Force.com opened up Salesforce’s services and architecture to developers, who flocked to build custom Salesforce apps on it. It wasn’t just faster to develop on — Force.com also made distribution significantly easier. Apps on the platform benefitted from Salesforce’s own security, which IT departments already approved of, so Force.com apps were easier to sell to enterprises.
Salesforce continues to launch new products every year to enhance its offering. $3.6B of acquisitions were turned into the Salesforce Marketing Cloud in 2012, a suite of tools for digital marketing automation. Einstein Analytics was launched in 2016, adding a layer of “AI-powered” analytics across the entire Salesforce stack.
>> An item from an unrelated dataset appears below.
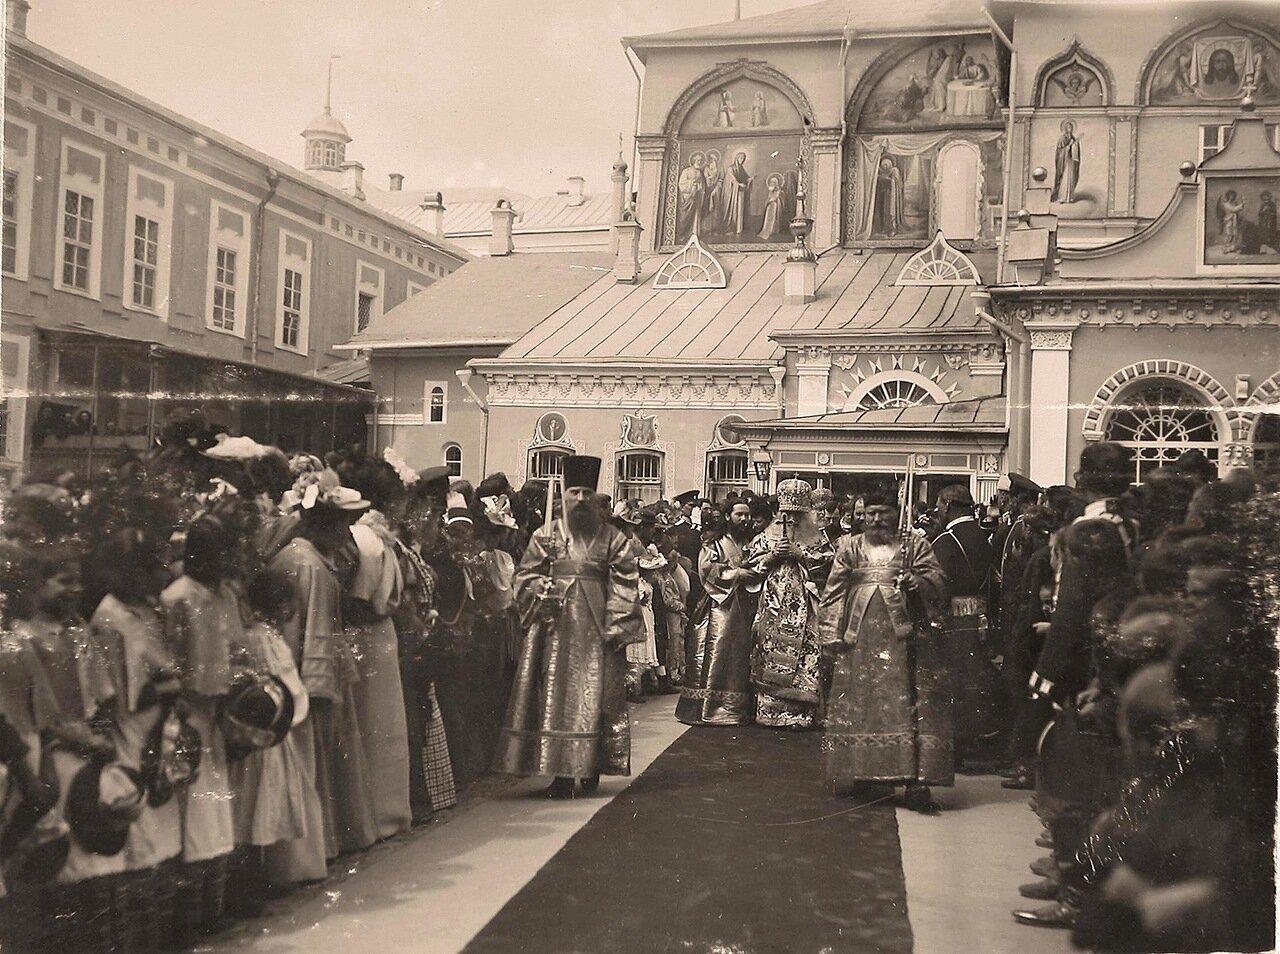 Император Николай II, вдовствующая императрица Мария Федоровна, члены императорской фамилии следуют за митрополитом Московским и Коломенским Сергием (в центре) по окончании службы в Троицком соборе

And in 2018, the company entered a new vertical with a CRM specifically for healthcare — Salesforce Health Cloud.
When Salesforce called for “the end of software”, Salesforce was referring to the legacy model of enterprise software: boxed, bloated, and sold via salespeople. Today, they’ve succeeded in changing how software is built, bought, and deployed across enterprises. Technology like Retool is doing much the same thing for internal apps and operations software.